We are the only Italian Department in the new Arts and Humanities Research Council (AHRC) London Research Consortium. There is a strong recognition for PhD achievement via AHRC Block Grant Partnerships, comprising annual PhD and two-yearly MA funding. We also hold lively research seminars, with frequent contributions from international scholars based in Europe and the USA.

Exciting research makes for inspiring tuition

Our staff are among the leading researchers in many areas of Italian Studies, including linguistics, Dante, the Renaissance, modern and contemporary literature, modern historical and cultural studies, cinema, art and design history. UCL Italian students are the first beneficiaries of all that expertise, through courses that reflect cutting-edge thinking on a host of different subjects.

Our students quickly sense that they are in a hive of research activity. We hold lively research seminars, open to all, with frequent contributions from international scholars based in Italy, the rest of Europe, and the USA. We have a high profile in the UK and world media. Several members of staff appear regularly on radio and TV in the UK, Italy and beyond as experts in their discipline; members of staff have also written frequently for the press. Professor Robert Lumley has collaborated closely with Tate Modern and other galleries, curating and writing on Italian contemporary art. In 2015, Dr Catherine Keen and Professor John Took were involved in a series of events at the Italian Cultural Institute to celebrate the 750th anniversary of Dante's birth. In 2016, Professor John Dickie's history of Italian food was turned into a six-part series on Italian television, which Prof Dickie presented himself. We are the only UK Italian department with a writer-in-residence, Enrico Palandri. Several members of staff have been awarded civil honours (the equivalent of the British MBE or OBE) for their research by the President of the Italian Republic.

UCL has an unrivalled range of research resources on its doorstep. There is nowhere in Britain that affords students such wonderful facilities for private study, and such rich opportunities to work on first-hand Italian source material for their essays and dissertations.

UCL Library is the largest and oldest college library in the University of London. It has four special collections that include early Italian books: the Rotton and Ogden collections (roughly 80,000 volumes), as well as the Castiglione and Dante collections. All told, UCL library has a better holding of pre-twentieth century Italian books than any other higher education institution in the UK.

Students also have access to the 14 million books in the nearby British Library (not forgetting an astonishing 164 million other items, ranging from manuscripts to sound recordings). As well as being a copyright library, entitled by law to a copy of every book published in the UK, the British Library has the largest collection of early printed books anywhere in the world. The number of Italian publications is particularly large owing to influence of Antonio Panizzi, founder of the library in its modern form and the first Professor of Italian at UCL nearly two hundred years ago.
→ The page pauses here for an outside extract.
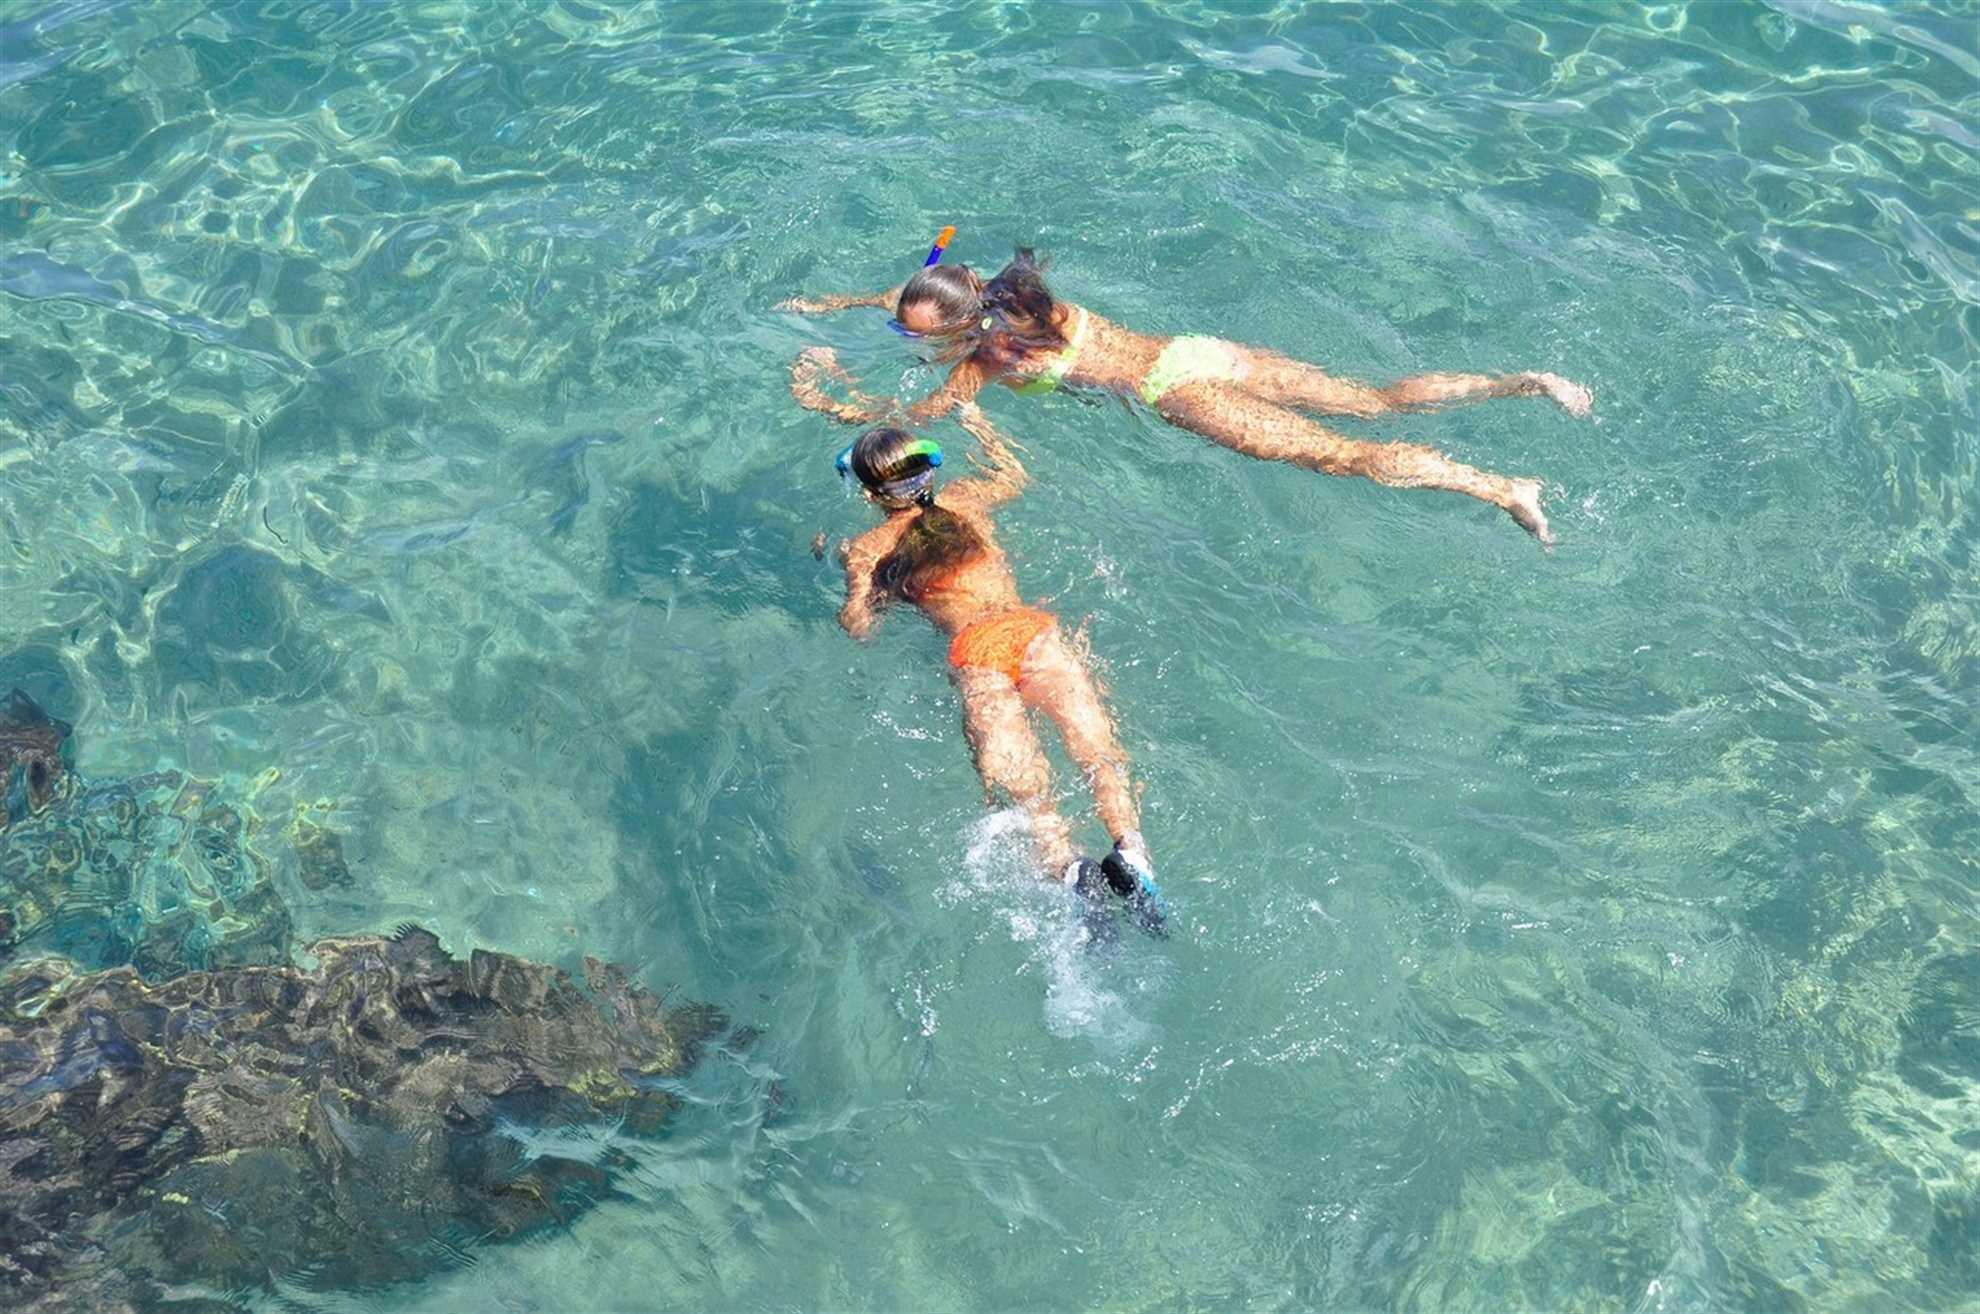 Children Snorkeling in the Adriatic Sea

The British Newspaper Library at Colindale contains many Italian newspapers. The library of the British Film Institute is a short walk away; it holds most of the major Italian film periodicals published since the 1930s and many books on Italian cinema. In addition, students have easy access to the libraries of the Institute of Historical Research, the University of London in Senate House, the Warburg Institute, the LSE, the Courtauld Institute, and the Wellcome Trust.